Speaking of nothing, I won’t even go into the “scholarship” business because for the most part NCAA Division I Universities in the major conferences don’t give a damn whether the athlete learns anything or even graduates. The scholarship is a write off to make bigger money for the athletic program.  If a player is smart enough to take advantage of the scholarship knowing that he stands almost no chance of playing in the NLF then more power to him.  However the programs, agents and scouts with rare exceptions don’t care about what the players learn or even worse care about the injuries that these unpaid players will likely incur in their college football career that will impact them the rest of their lives.  The graduation rates for many of the top schools in division 1 football are abysmal with many below the average and only a few schools such as Stanford and Vanderbilt close to 90% both at 89%.  Auburn comes in at 63% while their title game opponent Oregon a dismal 49%.   Of course there are injuries with head injuries are a major issue at all levels of football as are knee injuries which can result in long term physical limitations and even in the case of the neurologic injuries death at an early age and early onset Alzheimer’s disease or forms of dementia.

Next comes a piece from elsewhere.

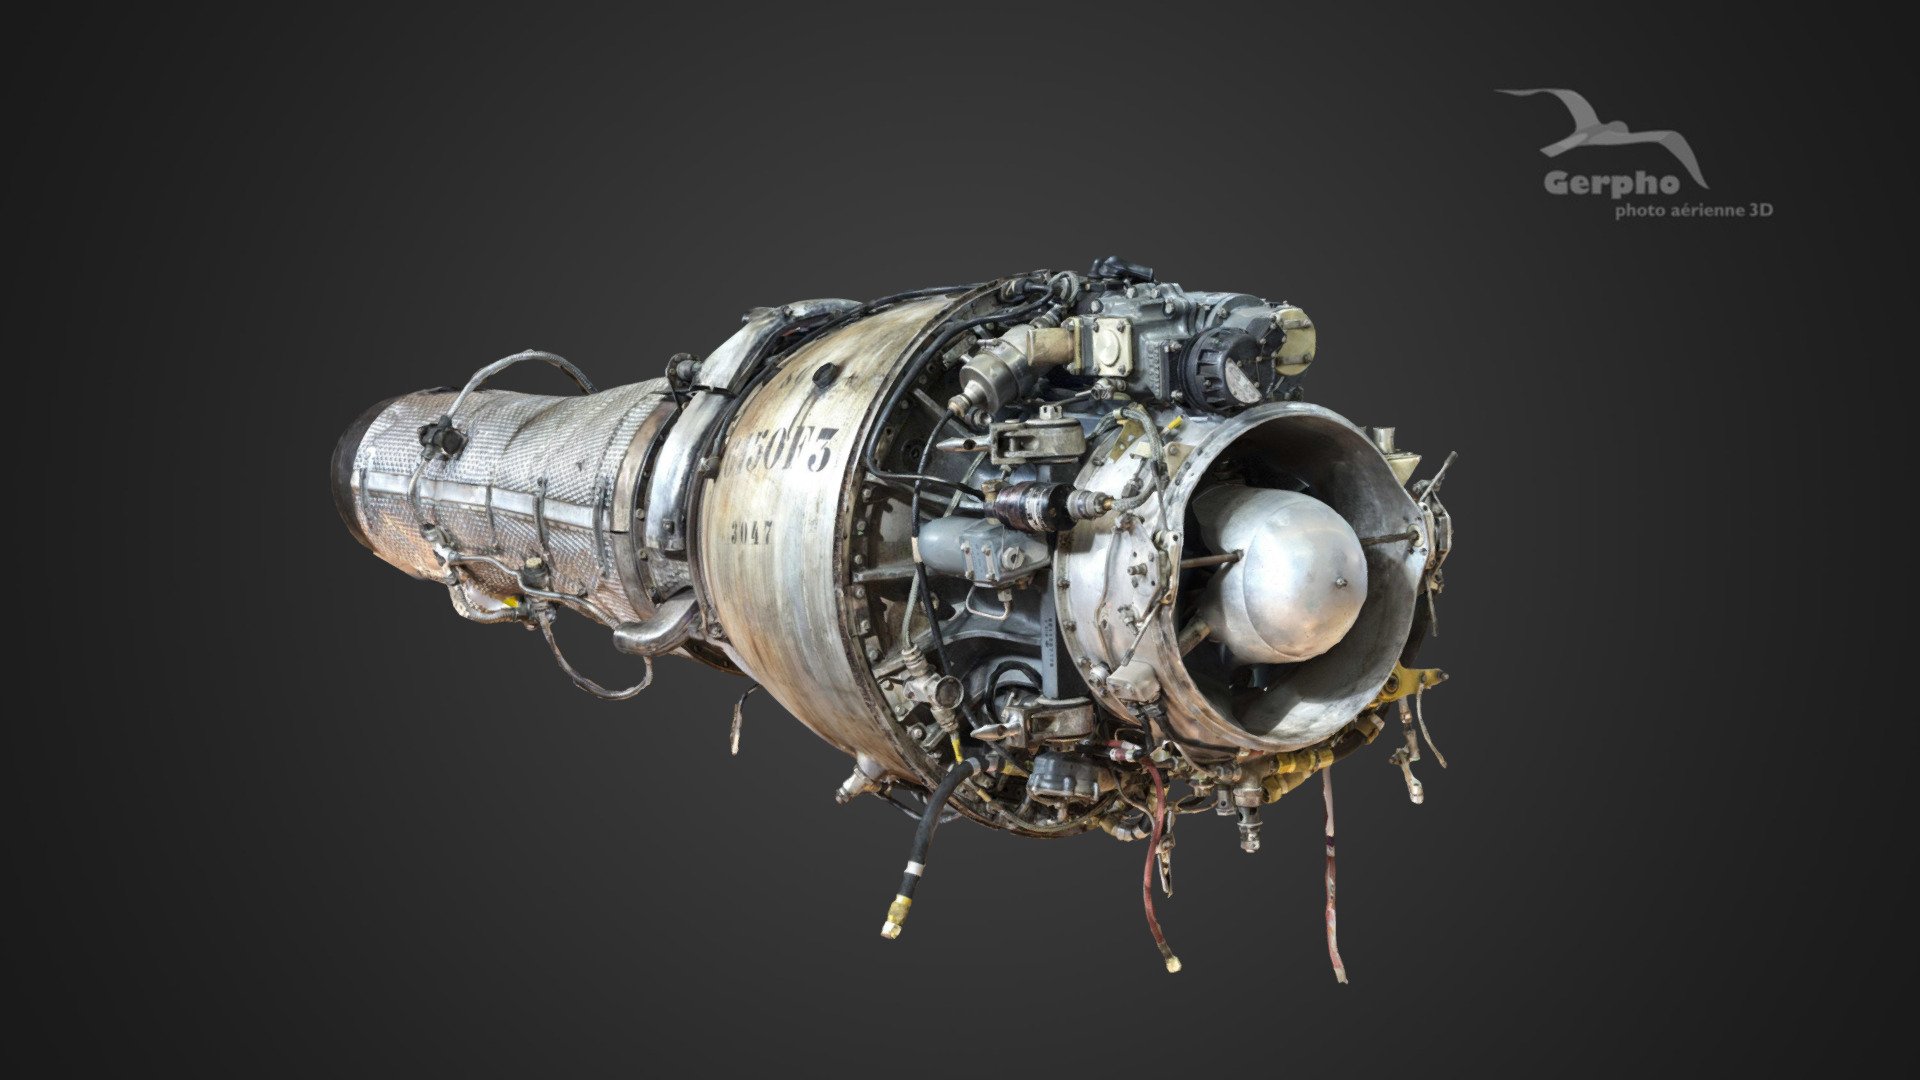 1951 : Young company Turbomeca develops a new type of engine : a jet engine, Marbore, for the famous &ldquo;Fouga Magister

But I digress….back to the bowl system and the proliferation of bowls that are nothing more than another way to milk the cash cow after the regular season and before the BCS bowls.

It wasn’t always that way.  In 1930 there was one, count it ONE, bowl, and that was the Rose Bowl. By 1935 there were 5, the Rose, Cotton, Orange, Sugar and Sun Bowls.  By 1950 the number of bowls had grown to eight and in 11 by 1970.  The number was up to 15 in 1980, 19 in 1990, 25 in 2000 and 35 now. Now obviously the majority of these games will not be high quality football, I mean who cares if two teams from pathetic conferences with barely winning records even play in a game unless they are the players working their ass of for nothing or the schools and sponsors that benefit from the bowl system?

This year is a case in point.  Even the most avid of college football fans and commentators are wondering what the point is in even watching many of these bowls. If you look at the 58% as a benchmark for which teams get into a post season bowl game and applied it to professional sports the NFL would have 18 playoff eligible teams and baseball 17.  Since the NFL stands to have a 7-9 team win a division can you imagine the quality of play if the NLF allowed that many teams in?

My argument is that the proliferation of bowl games is bad for college football in every way except the pocketbook. It is bad for the players that must sacrifice the Fall-Winter academics to play and risk injury with little payoff. It is bad for fans that are “treated” to game after game of less than quality football in games that due to the BCS system are all meaningless except for the National Championship game.   Of course I have to add to the players and athletic programs of the various schools they mean something but in real terms they matter little except to enhance revenue for the NCAA and the corporate sponsors.

Please know I’m not against business or even schools making money but this is just sad.

So there, that is my take on the farce that we call the college bowl system. A 16 team playoff should be developed for the best teams in the country regardless of which conference they come from. The rest of the teams can go to bowls if they want but the bowl system as we know it needs to be abolished and the NCAA should lose its stranglehold on college football. Is that harsh?